The above is the typical Debezium data representation with the before and after representations, as well as information about the transactions (ts_ms as example) and the data source (schema, table and others). This rich information will be ueful later.

The Consistency Problem

Now, let's say Franco, one of our users decides to issue a new order for the white-golden dress. Just a few seconds later, our company, due to an online debate decides that the white-golden dress is now called blue-black dress and wants to charge 65$$ instead of the50$$ original price.

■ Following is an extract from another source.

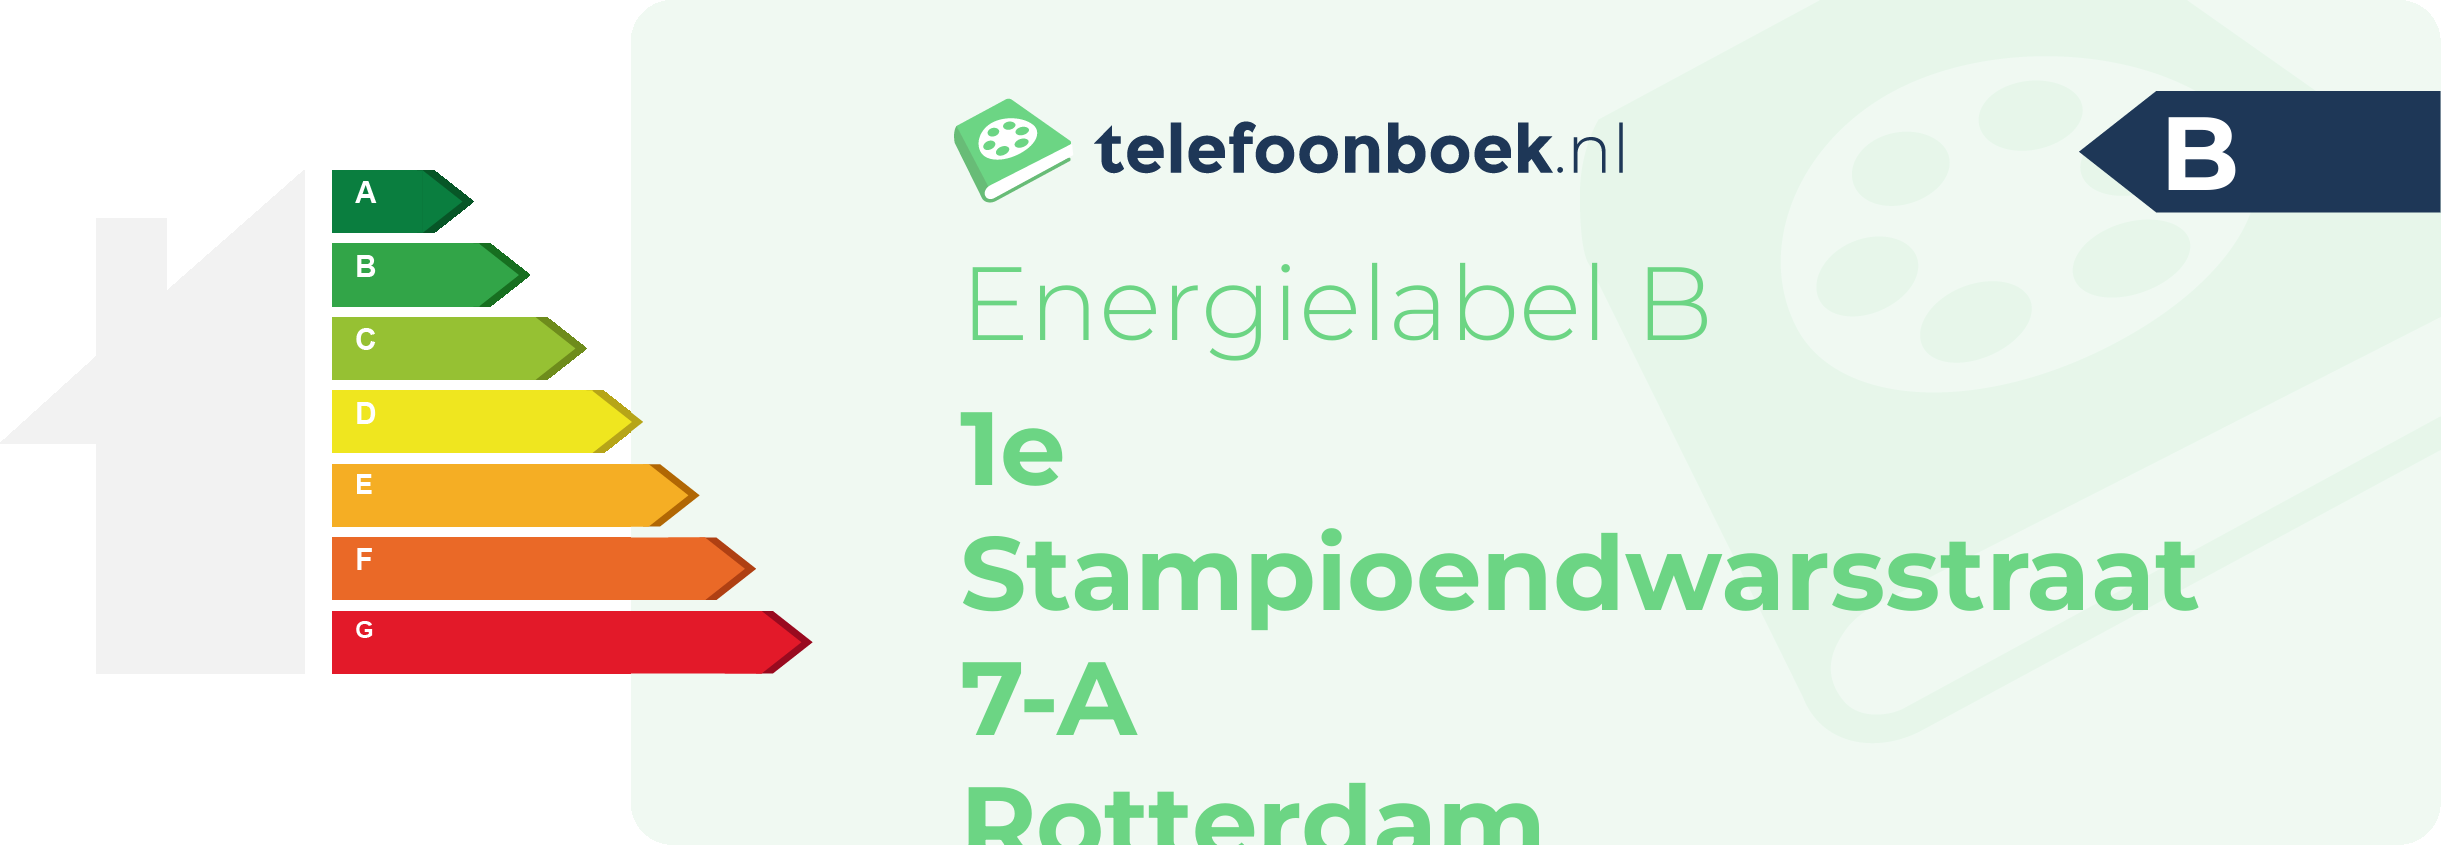 Energielabel 1e Stampioendwarsstraat 7-A Rotterdam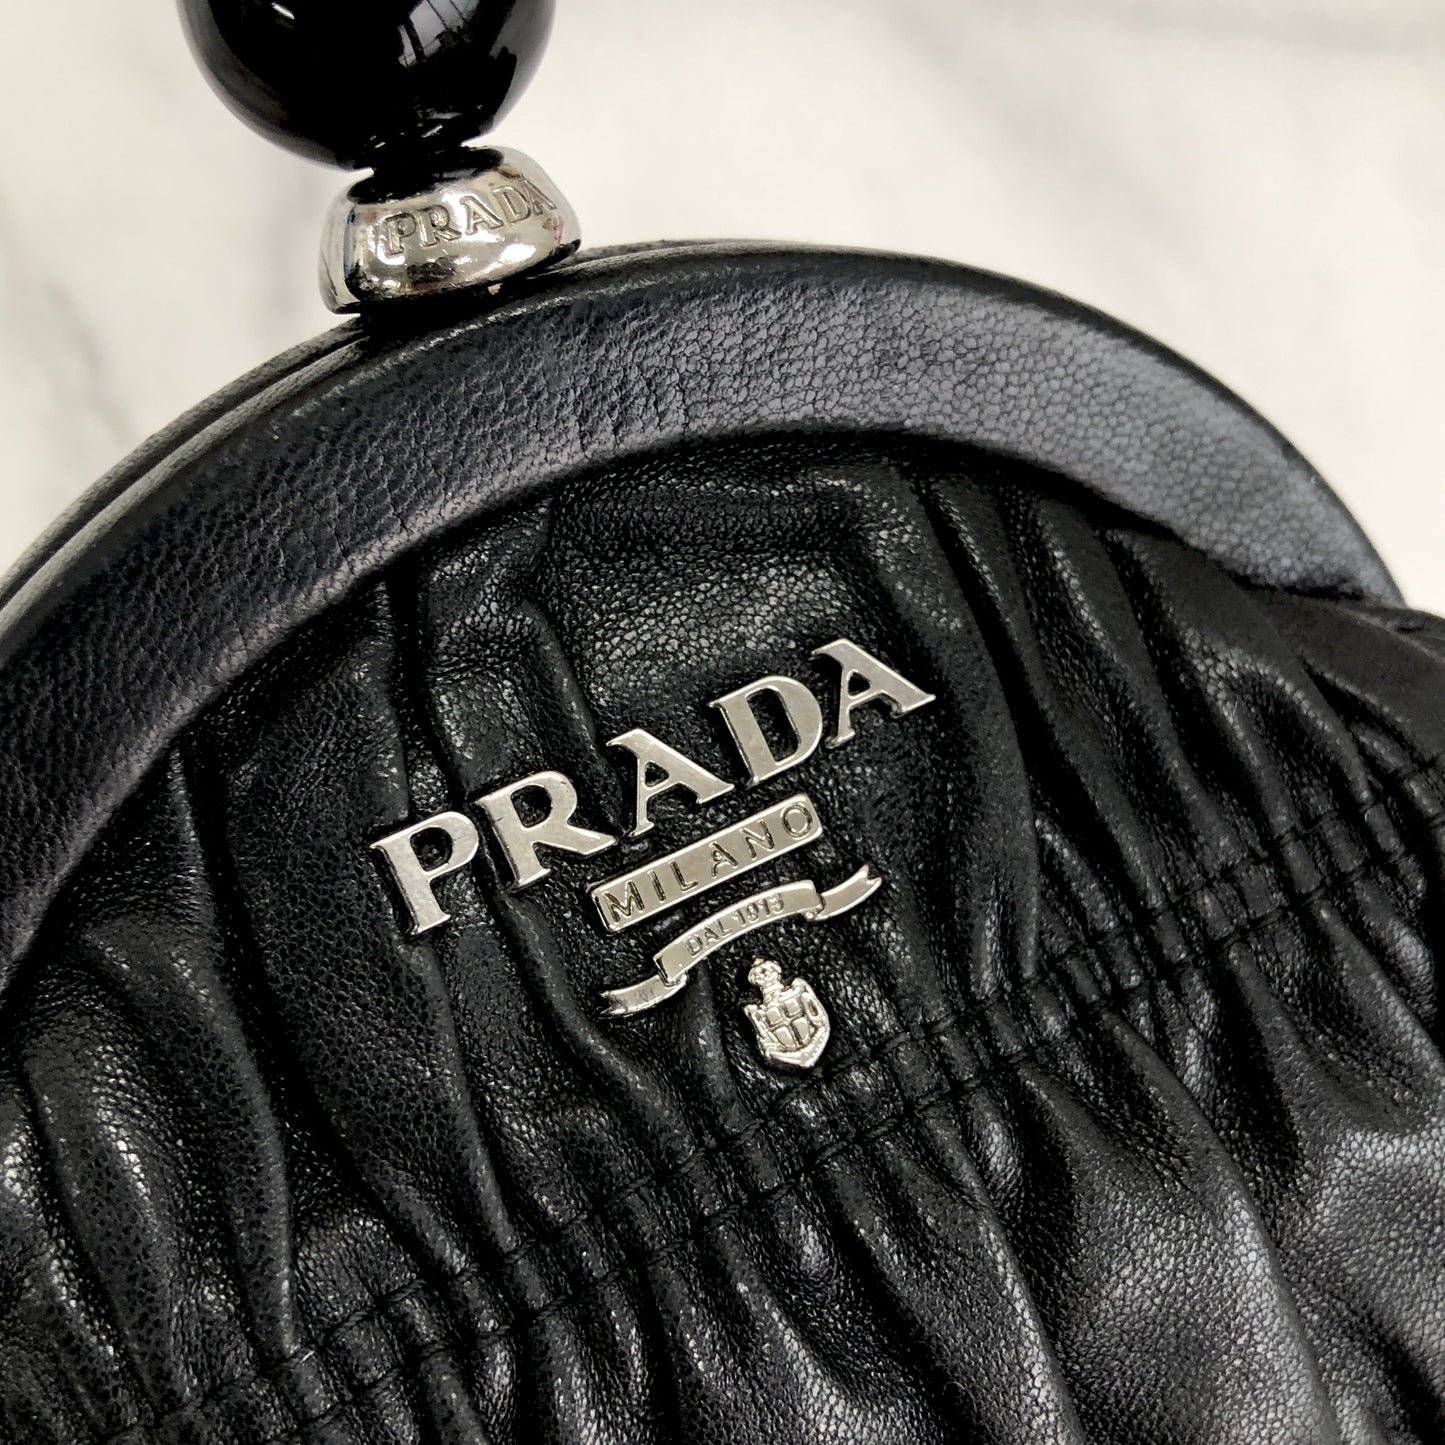 PRADA Clasp Coin purse stone gather leather black rbxcjb

The above two actions can be represented by the following two transactions in PostgreSQL:

    SQL
   
 

   --- Franco purchasing the white-golden dress
BEGIN;
    INSERT INTO ORDERS (SHIPPING_ADDR, ORDER_DATE, USER_ID) VALUES 
        ('Piazza Carlo 2', '04/08/2023',1);
    INSERT INTO ORDER_LINES (ORDER_ID, PROD_ID, QTY) VALUES 
        (4,4,1);
END;

--- Our company updating name and the price of the white-golden dress
BEGIN;
    UPDATE PRODUCTS SET 
        NAME = 'blue-black dress', 
        PRICE = 65
    WHERE ID = 4;
END;
  

At all points in time, we can get the order details with the following query:

    SQL
   
 

   SELECT 
    USERNAME,
    ORDERS.ID ORDER_ID,
    PRODUCTS.NAME PRODUCT_NAME,
    PRODUCTS.PRICE PRODUCT_PRICE,
    ORDER_LINES.QTY QUANTITY
FROM
    USERS 
        JOIN ORDERS ON USERS.ID = ORDERS.USER_ID
        JOIN ORDER_LINES ON ORDERS.ID = ORDER_LINES.ORDER_ID 
        JOIN PRODUCTS ON ORDER_LINES.PROD_ID = PRODUCTS.ID
WHERE ORDERS.ID = 4;
  

If we issue the query just after Franco's order was inserted, but before the product update, this results in the correct order details:

    Plain Text
   
    username | order_id |    product_name    | product_price | quantity
----------+----------+--------------------+---------------+----------
 Franco   |        4 | white-golden dress |            50 |        1
(1 row)

If we issued the same query after the product update, this results in the blue-black dress being in the order and Franco being up charged by an extra $15.

    Plain Text
   
    username | order_id |   product_name   | product_price | quantity
----------+----------+------------------+---------------+----------
 Franco   |        4 | blue-black dress |            65 |        1
(1 row)

Recreate Consistency in Apache Kafka

When we look at the data in Apache Kafka, we can see all the changes in the topics. Browsing the mydebprefix.public.order_lines topic with kcat, we can check the new entry (the results in mydebprefix.public.orders would be similar):

    JSON
   
   {"before":null,"after":{"id":8,"order_id":4,"prod_id":4,"qty":1},"source":{"version":"1.9.7.aiven","connector":"postgresql","name":"mydebprefix1","ts_ms":1690794206740,"snapshot":"false","db":"defaultdb","sequence":"[null,\"251744424\"]","schema":"public","table":"order_lines","txId":2468,"lsn":251744424,"xmin":null},"op":"c","ts_ms":1690794207231,"transaction":null}

And in mydebprefix.public.products, we can see an entry like the following, showcasing the update from white-golden dress to blue-black dress and related price change:

    JSON
   
   {"before":{"id":4,"category":"dress","name":"white-golden dress","price":50},"after":{"id":4,"category":"dress","name":"blue-black dress","price":65},"source":{"version":"1.9.7.aiven","connector":"postgresql","name":"mydebprefix1","ts_ms":1690794209729,"snapshot":"false","db":"defaultdb","sequence":"[\"251744720\",\"251744720\"]","schema":"public","table":"products","txId":2469,"lsn":251744720,"xmin":null},"op":"u","ts_ms":1690794210275,"transaction":null}

The question now is: How can we keep the order consistent with reality, where Franco purchased the white-golden dress for 50$$?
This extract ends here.